In this notebook, we will learn to implement a simple differentially private matrix factorization from scratch, with three different strategies:
* input perturbation with Laplacian mechanism
* gradient perturbation with Laplacian mechanism
* (unbounded) gradient perturbation with Gaussian mechanism

#### Import packages

In [None]:
!conda install pandas tqdm

import sys
sys.path.append('..')

import requests
import os
import io
import zipfile
import pandas as pd
import numpy as np
from tqdm import tqdm
from utils import create_maps, splitting

np.random.seed(42)

#### Load Data

First, we download the latest version of the Movielens Small dataset

In [None]:
url = "https://files.grouplens.org/datasets/movielens/ml-latest-small.zip"
print(f"Getting Movielens Small from : {url} ...")
response = requests.get(url)

ml_ratings = []

print("Extracting ratings...")
with zipfile.ZipFile(io.BytesIO(response.content)) as zip_ref:
    for line in zip_ref.open("ml-latest-small/ratings.csv"):
        ml_ratings.append(str(line, "utf-8"))

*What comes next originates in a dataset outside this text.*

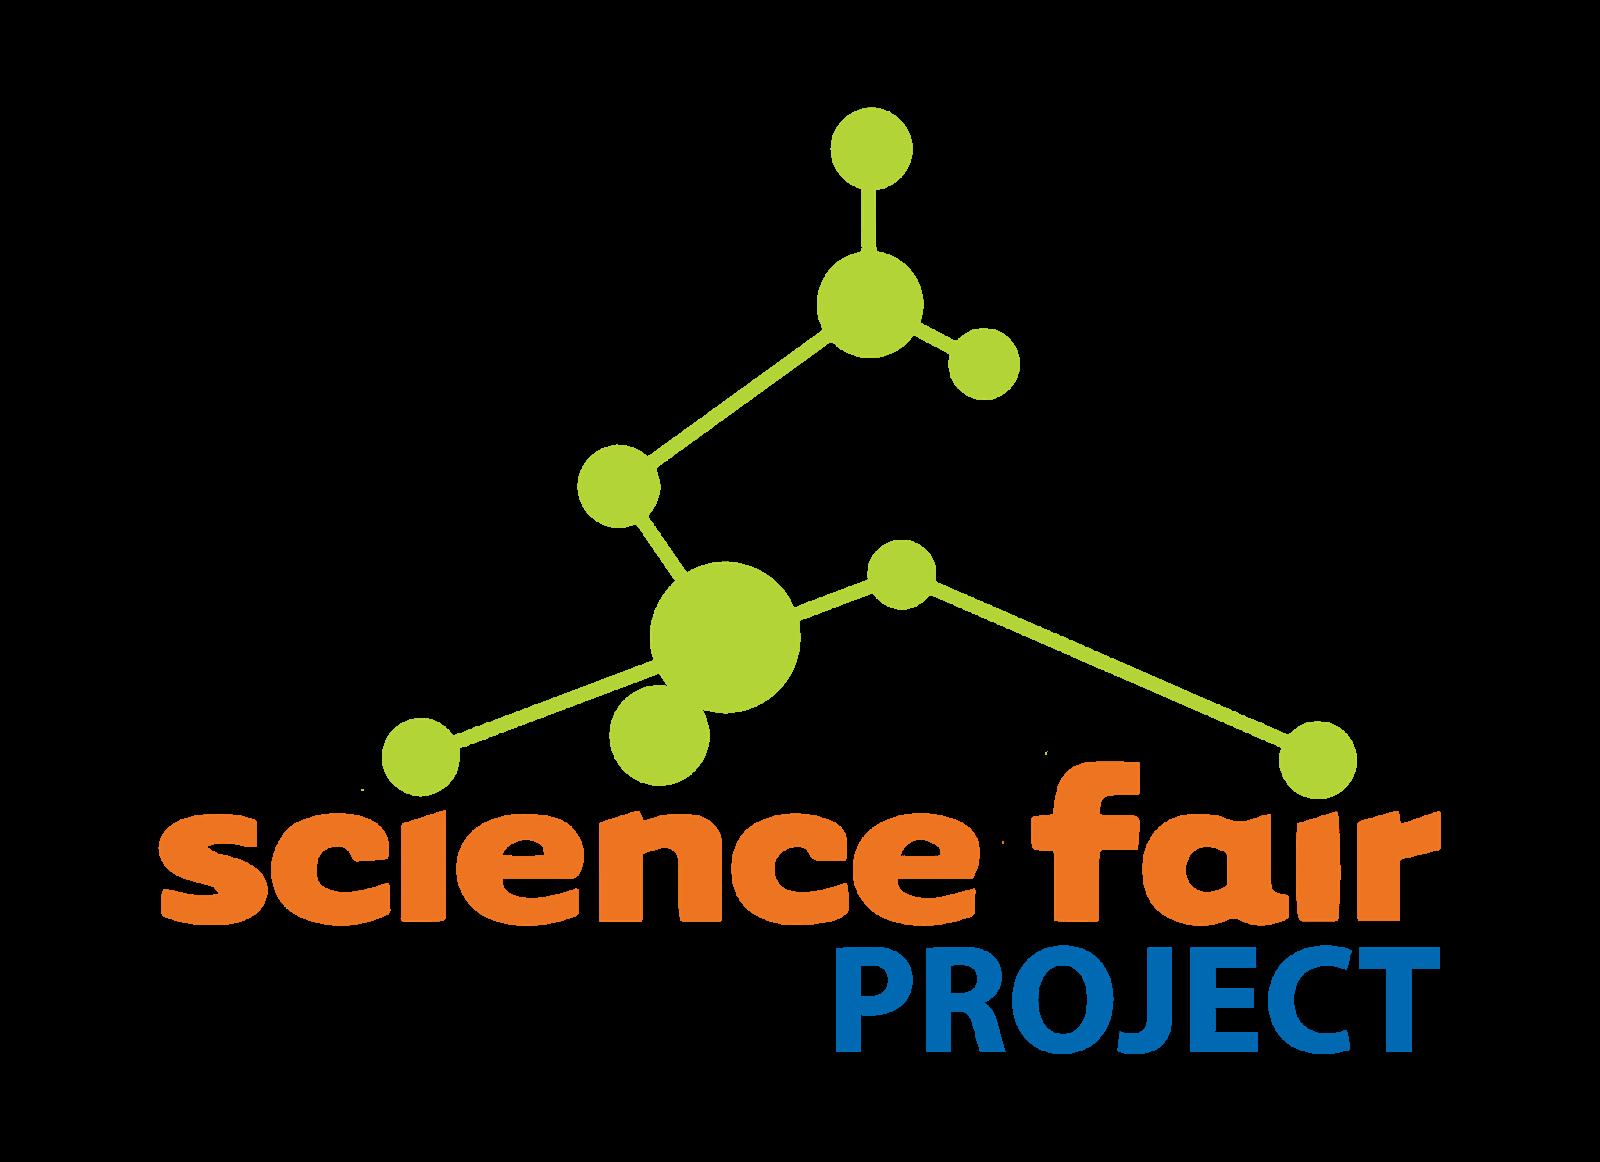 Fair clipart science fair. Change happens s apropa

print("Printing ratings to data/movielens/ ...")
os.makedirs("data/movielens", exist_ok=True)
with open("data/movielens/dataset.csv", "w") as f:
    f.writelines(ml_ratings)

Processing dataset

In [None]:
dataframe_ml_small = pd.read_csv('data/movielens/dataset.csv')

train_set, test_set = splitting(dataframe_ml_small)
train_set = train_set.loc[:, ['userId', 'movieId', 'rating']]
test_set = test_set.loc[:, ['userId', 'movieId', 'rating']]
maps = create_maps(train_set)

### Define the model

Create MF class

In [None]:
class MF:
    def __init__(self, dataset, maps, n_factors, relevance=3.5, i_avg=None, u_avg=None):
        """
        :param dataset: interaction dataset should be a Pandas dataframe with three columns for user, item, and rating
        :param n_factors:
        """
        print("Building model...")
        self.ext2int_user_map, self.int2ext_user_map, self.ext2int_item_map, self.int2ext_item_map = maps
        self.dataset = self.format_dataset(dataset)
        self.rated_items = {
            self.ext2int_user_map[u]: dataset[(dataset.iloc[:, 0] == u) & (dataset.iloc[:, 2] >= relevance)].iloc[:,
                                      1].map(self.ext2int_item_map).astype(int).to_list() for u in
            self.ext2int_user_map}
        n_users = len(self.ext2int_user_map)
        n_items = len(self.ext2int_item_map)
        self.n_interactions = len(dataset)
        self.delta_ratings = dataset.iloc[:, 2].max() - dataset.iloc[:, 2].min()
        self.p = np.random.normal(size=(n_users, n_factors), scale=1./n_factors, loc=0)
        self.q = np.random.normal(size=(n_items, n_factors), scale=1./n_factors, loc=0)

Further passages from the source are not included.